1992 NCAA season
- Host school: San Sebastian College
| Men's Finals | G1 | G2 | Wins |
| San Sebastian Stags | 91 | 85 | 0 |
| Letran Knights | 98 | 94 | 2 |
- Duration: October 6–10, 1992
- Arena(s): Rizal Memorial Coliseum
- Finals MVP: Gilbert Castillo
- Winning coach: Rudy Hines
| Juniors' Finals | G1 | G2 | Wins |
| San Beda Red Cubs | 82 | 85 | 2 |
| Mapúa Red Robins | 80 | 71 | 0 |
- Duration: October 3–8, 1992
- Arena(s): Rizal Memorial Coliseum
- Finals MVP: Ralph Emerson Rivera
- Winning coach: Ato Badolato

= NCAA Season 68 basketball tournaments =

The 1992 NCAA basketball tournament was the 68th season in the Philippine National Collegiate Athletic Association (NCAA). The season opens on August 1 at the Araneta Coliseum and ended on October 10 with the Letran Knights regaining the title in the Seniors' division and won their 11th NCAA crown.

==Teams==

| Team | School | Men's coach |
|---|---|---|
| Letran Knights | Colegio de San Juan de Letran | Rudy Hines |
| JRC Heavy Bombers | Jose Rizal College | Egay Gomez |
| Mapúa Cardinals | Mapúa Institute of Technology | Joel Banal |
| PHCR Altas | Perpetual Help College of Rizal | Abet Gutierrez |
| San Beda Red Lions | San Beda College | Angel Ascue |
| San Sebastian Stags | San Sebastian College - Recoletos | Arturo Valenzona |

==Men's tournament==

===Elimination round===
Format:
- Tournament divided into two halves: winners of the two halves dispute the championship in a best-of-3 finals series unless:
  - A team wins both rounds. In that case, the winning team automatically wins the championship.
  - A third team has a better cumulative record than both finalists. In that case, the third team has to win in a playoff against the team that won the second round to face the team that won in the first round in a best-of-3 finals series.

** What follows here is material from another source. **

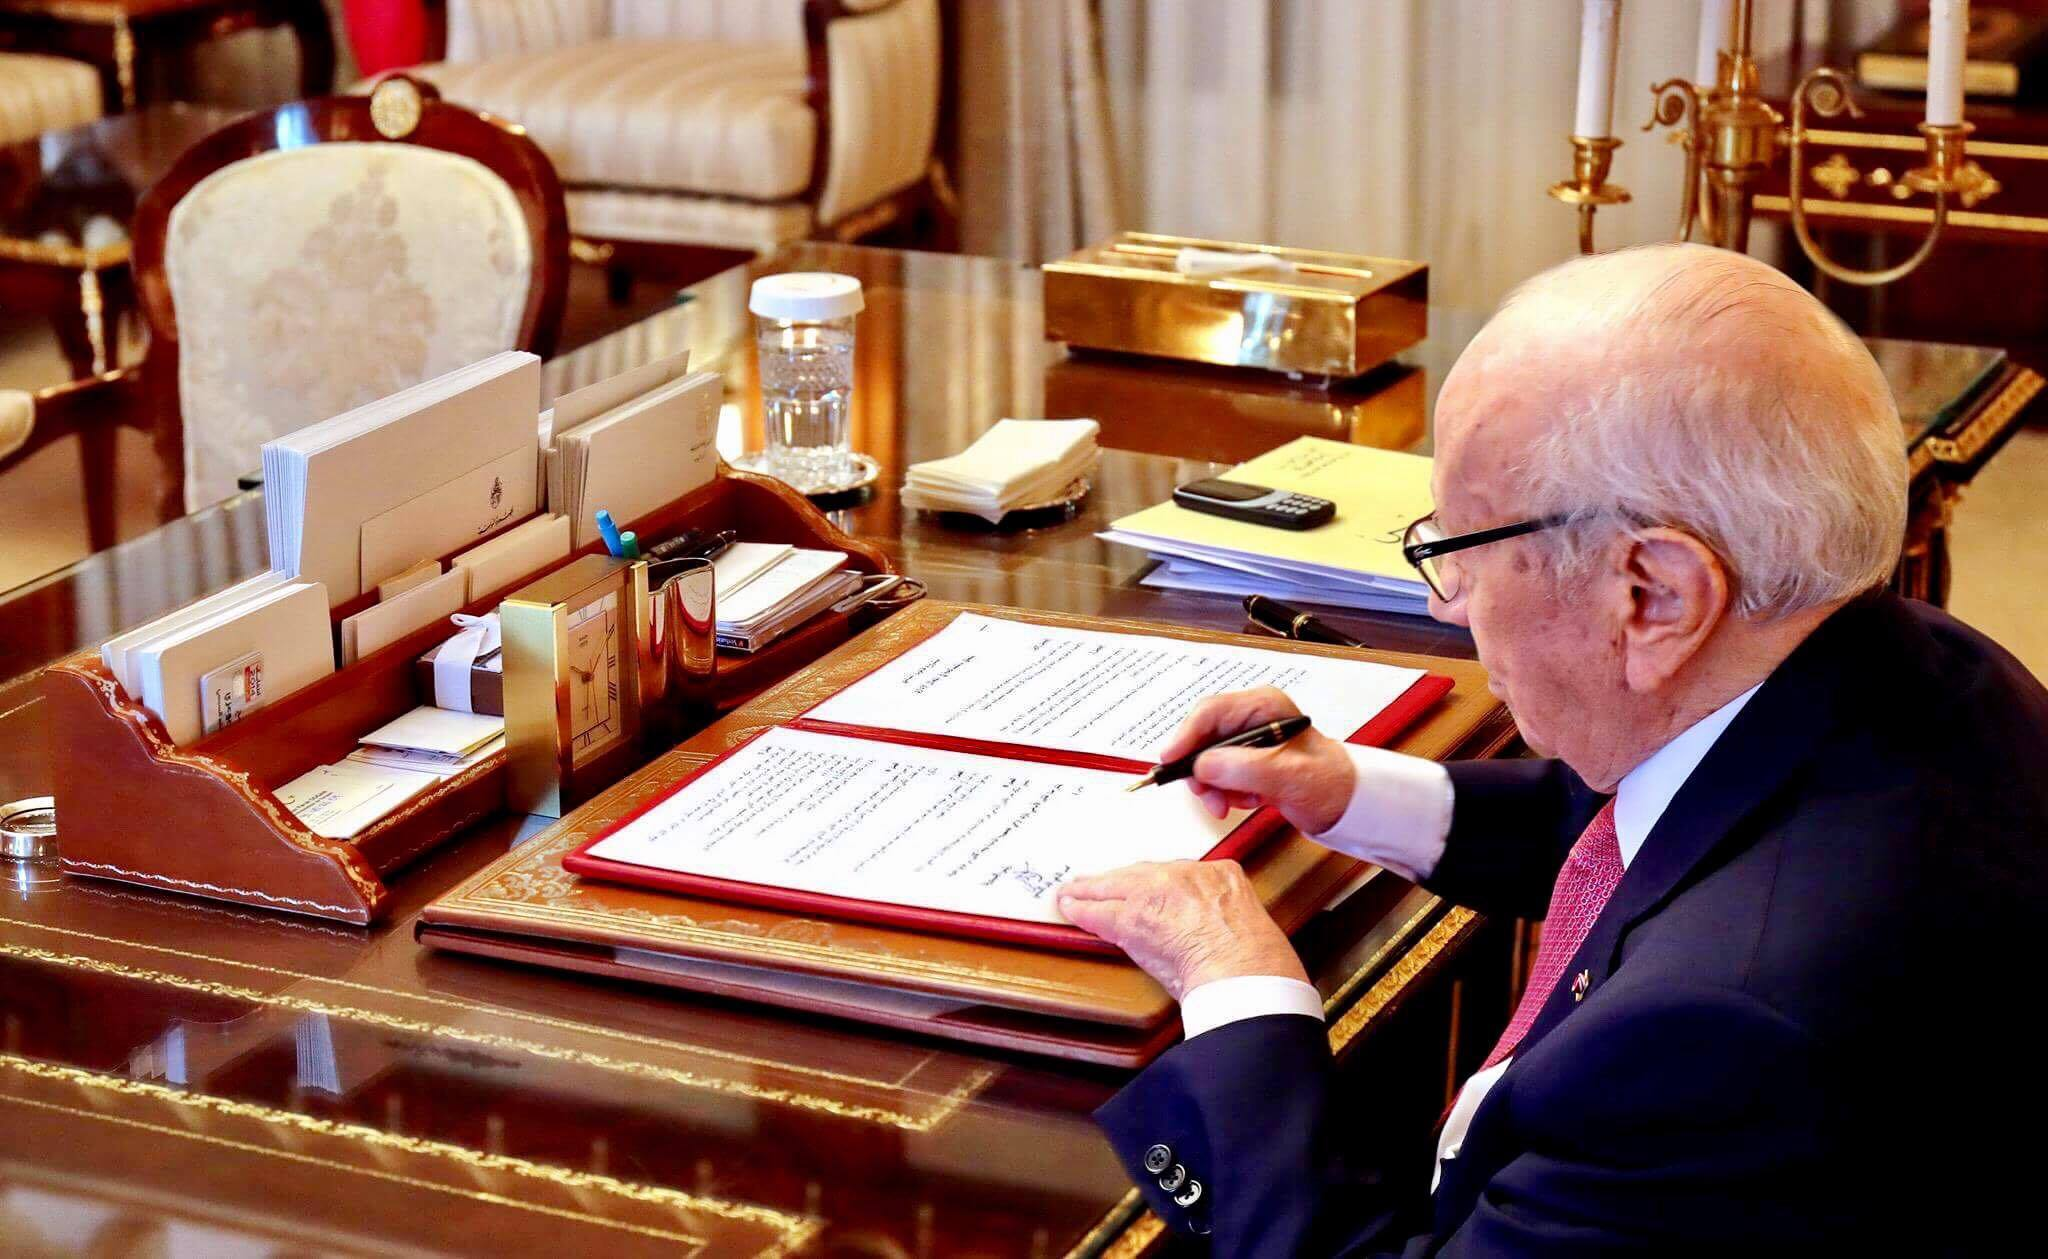 Tunisie: Béji Caïd Essebsi signe la loi de la réconciliation administrative

====First round team standings====

| Pos | Team | W | L | Pts | Qualification |
| 1 | San Sebastian Stags (H) | 4 | 1 | 9 | Finals |
| 2 | Mapúa Cardinals | 4 | 1 | 9 |  |
| 3 | Letran Knights | 3 | 2 | 8 |
| 4 | San Beda Red Lions | 3 | 2 | 8 |
| 5 | PHCR Altas | 1 | 4 | 6 |
| 6 | JRC Heavy Bombers | 0 | 5 | 5 |

====Second round team standings====

| Pos | Team | W | L | Pts | Qualification |
| 1 | Letran Knights | 4 | 1 | 9 | Finals |
| 2 | San Sebastian Stags (H) | 4 | 1 | 9 |  |
| 3 | Mapúa Cardinals | 3 | 2 | 8 |
| 4 | JRC Heavy Bombers | 3 | 2 | 8 |
| 5 | San Beda Red Lions | 1 | 4 | 6 |
| 6 | PHCR Altas | 0 | 5 | 5 |

====Cumulative standings====

San Sebastian Stags were on their way to a first round sweep, scoring four straight victories and were leading by 20 points in the second half against Letran, 76-56, in their last assignment in the first round when the Knights rallied back and pulled off a 94-89 comeback victory over the Stags.

San Sebastian clinch the first round pennant, defeating Mapua Cardinals, 81-74, in their winner-take-all showdown on August 29 at the Rizal Coliseum.

Letran captured the second round flag, following a 108-93 victory over first round winner San Sebastian Stags in their playoff on September 30. The Knights forge a best-of-three showdown with the Stags for the Senior basketball title.

| Pos | Team | W | L | Pts | Qualification |
| 1 | San Sebastian Stags (H) | 8 | 2 | 18 | Finals |
| 2 | Letran Knights | 7 | 3 | 17 |
| 3 | Mapúa Cardinals | 7 | 3 | 17 |  |
| 4 | San Beda Red Lions | 4 | 6 | 14 |
| 5 | JRC Heavy Bombers | 3 | 7 | 13 |
| 6 | PHCR Altas | 1 | 9 | 11 |

=== Finals ===

==== Game 1 ====

- Finals Most Valuable Player:

In Game 1, Ronald Peña pumped in five of his 15 points in an 11-2 Letran run midway in the final half and another five at the height of San Sebastian rally late in the contest to put the Knights ahead, 87-77, with 2:25 remaining.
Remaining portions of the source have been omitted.